Quote:
Originally Posted by whosnext
Edit to add: wait a minute, there is another way to have quads over quads in PLO, isn't there (board could be a "full house")??
You're right, that would use two hole cards if the player had a kicker higher than the pair on board. The boat couldn't be XXXAA or AAAKK. The kicker can't tie the pair because the villain needs quads of that rank.
This is a tedious case to calculate because there are many (110?) different probabilities to add.

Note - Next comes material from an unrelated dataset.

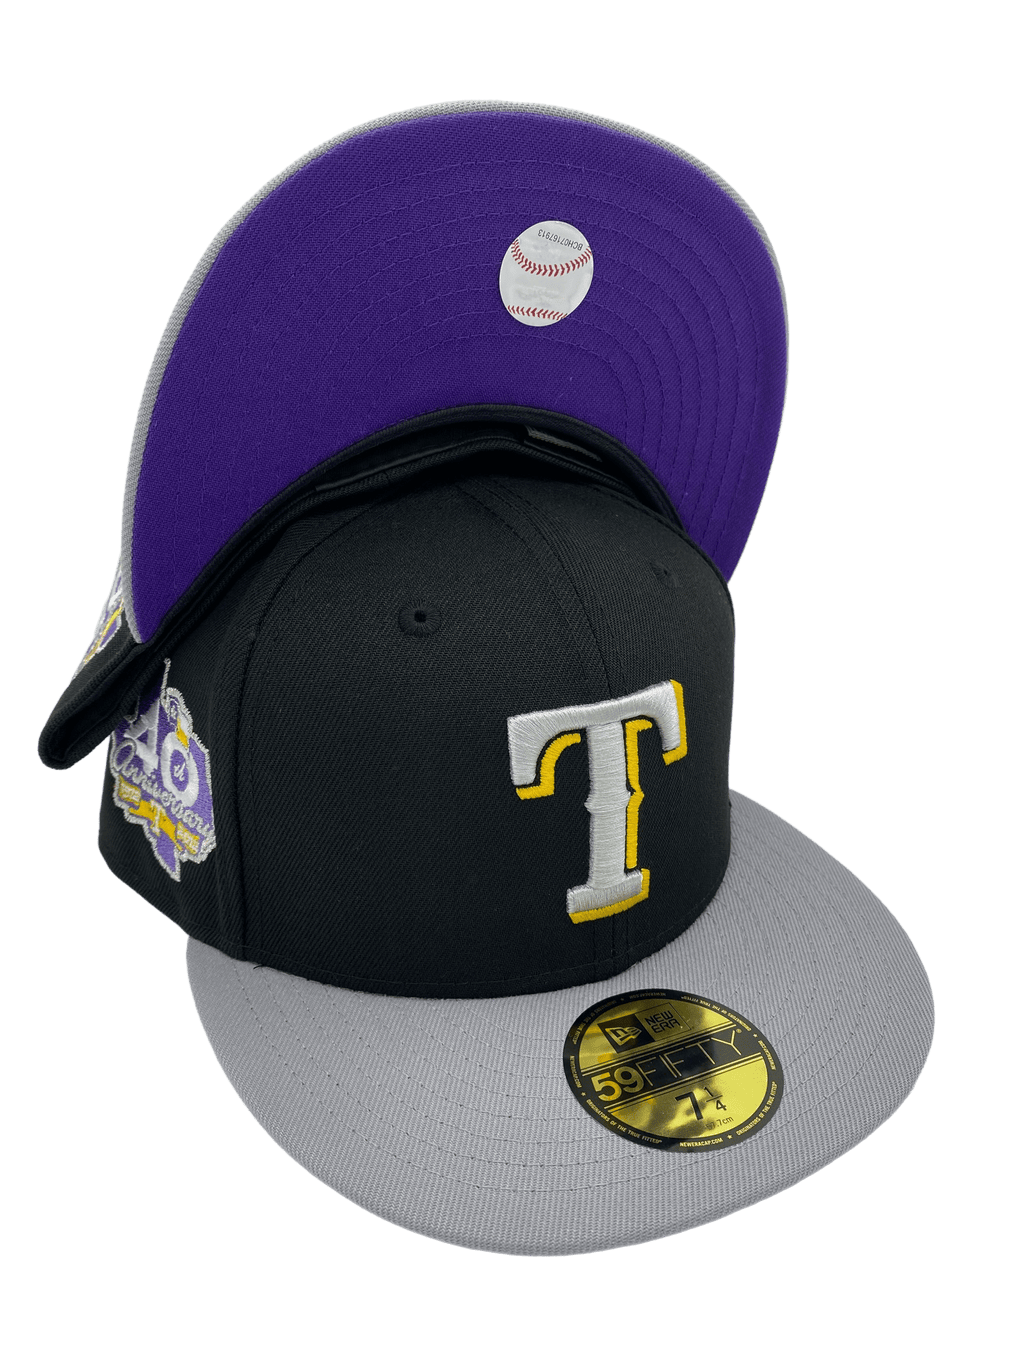 Texas Rangers Fitted Hats  59FIFTY Texas Rangers Fitted Baseball Caps

The board is xxxrr (where r is a rank from 1 to 12) and there is a different probability for each r and for x>r vs x<r.
The player with quad x's needs a playable kicker. The # of playable kickers (k) varies with r and r's relation to x.
If x<r then k=4(13-r) else k=4(12-r)
The # of valid ways to group the cards (p) depends on the # of playable kickers dealt (j).
P(quads>quads | xxxrr) = sum of 15 * C(k,j) * C(52-k, 5-j) * (p/35) / C(47,8) from j=1 to 5
j=1 → p = 6
j=2 → p = 9
j>2 → p = 10
P(board xxxrr such that x>r) = 24(13-r) / C(52,5)
P(board xxxrr such that x<r) = 24(r-1) / C(52,5)
For r=12 we only consider x<r.
I'll compute it another time.
Last edited by heehaww; 07-24-2019 at 10:46 AM.